The report, Competitiveness and Innovative Capacity of the United States, said the pace of university patenting, licensing of technology to industry, and the proliferation of university?linked startup companies slowed starting in 2000, a slowdown that persisted after the brief recession of the early 2000s.

The US Department of Commerce has identified a slow-down in university‐linked start-up companies as a cause for concern in its latest report. The report, Competitiveness and Innovative Capacity of the United States, said: "By the late 1980s, university patenting, licensing of technology to industry, and the proliferation of university‐linked startup companies all began to accelerate, reaching especially high growth rates in the late 1990s. "However, the pace of these activities slowed starting in 2000, a slowdown that persisted after the brief recession of the early 2000s." It then quoted as the footnote, a 2007 study by non-profit entrepreneurs group Kauffman Foundation, The University As Innovator: Bumps in the Road, that expressed concern about the commercialization focus of technology transfer offices (TTOs), rather than their desire to see ideas utilized.
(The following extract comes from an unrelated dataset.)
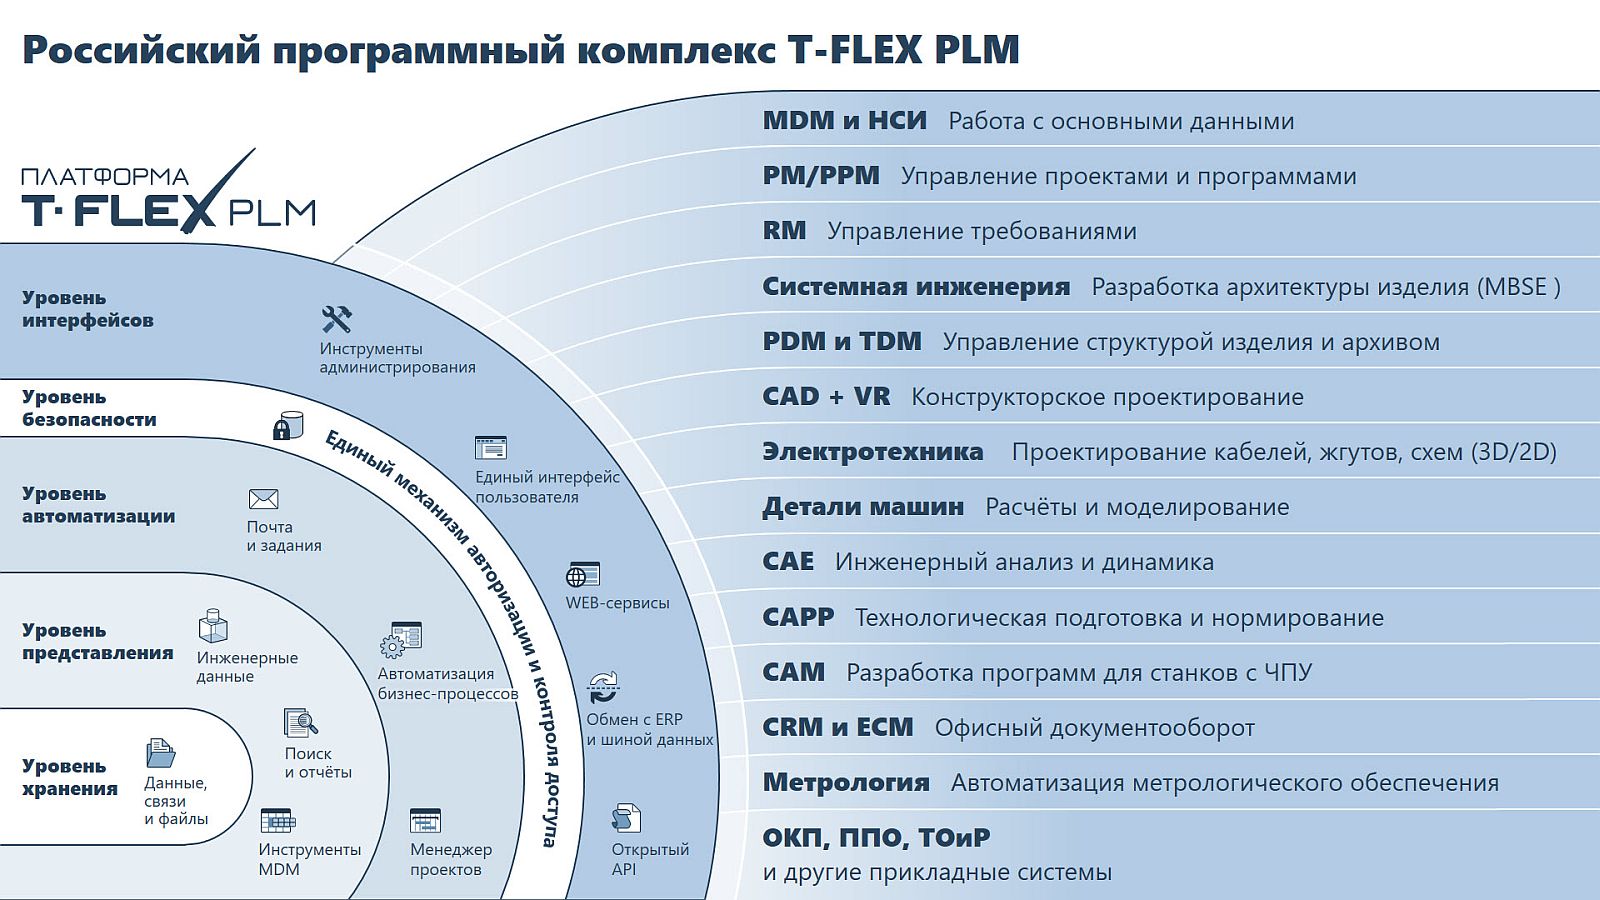 T-FLEX PLM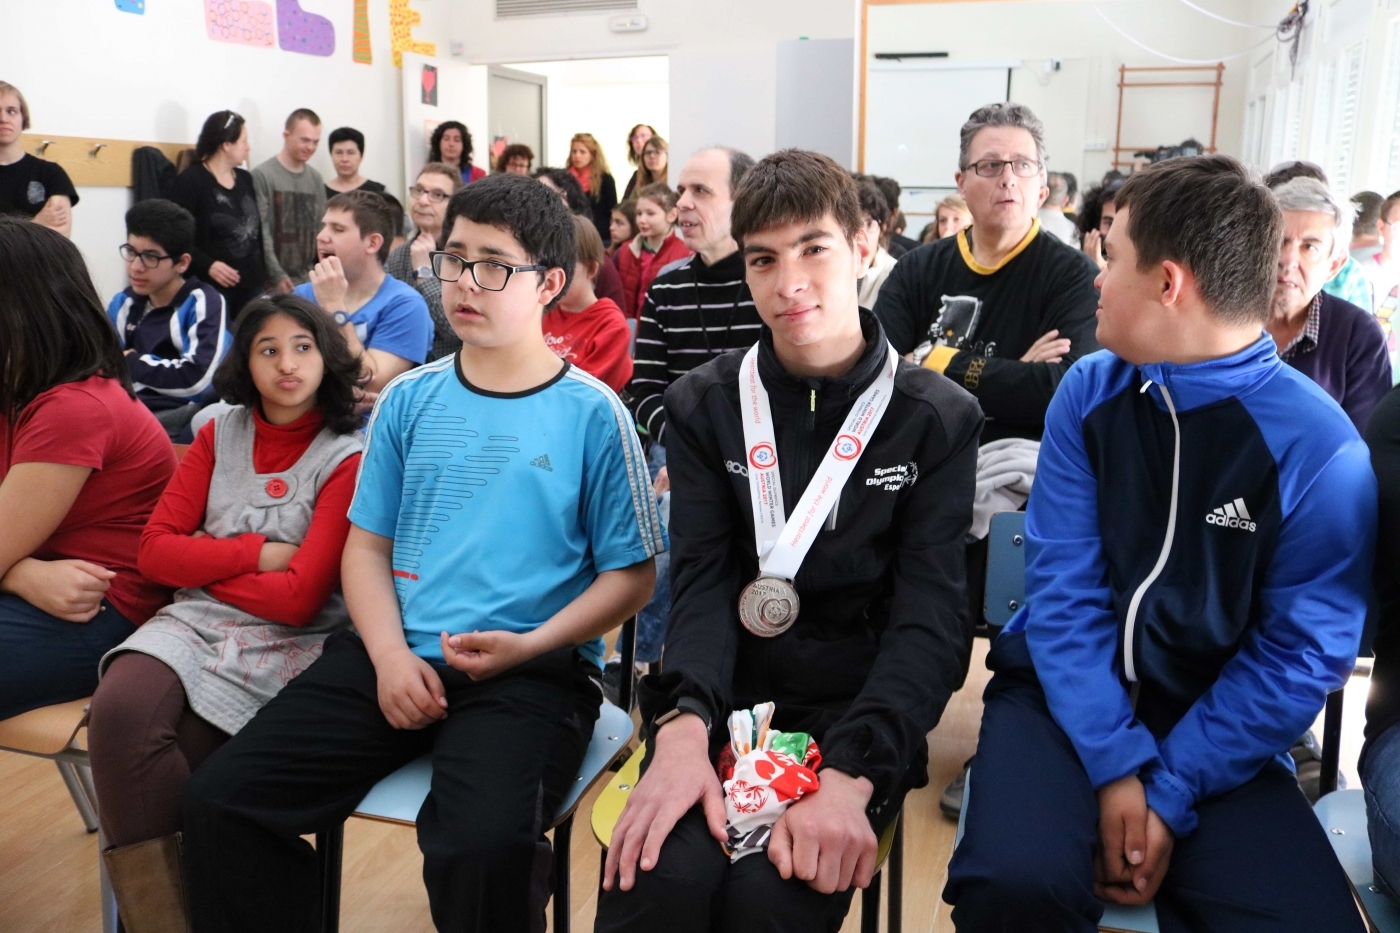 L'Associació Alba homenatja a l'esportista Pol Puiggener per la seva medalla de plata als Special Olympics

The Kauffman study had in turn quoted University of Georgia research that the principal mechanism favored by most TTOs was licensing for cash (72%), with licensing for an equity stake and sponsored research being less popular at 17% and 11%, respectively. The US Commerce report said reforming the corporate tax system so there was a lower headline rate and fewer exemptions would be beneficial along with changes to the intellectual property system. However, news provider Intellectual Property Watch warned there was a tension in the report between the need for innovators and entrepreneurs to have fewer restrictions and the need to protect IP rights holders. US universities own the rights to IP developed even with government money, after the 1980 Bayh-Dole Act, but Federal money has become relatively less important over the past 30 years. In 1980 the Federal government provided 70.3% of all dollars spent on basic research, most of which went to universities and university‐based Federal research centres. Since then, the Federal government’s share of basic research funding given to all entities has fallen to 57% and its share of funding of basic research at universities has fallen to about 60%, largely due to increased funding from the private sector, the report said quoting National Science Foundation statistics for 2010.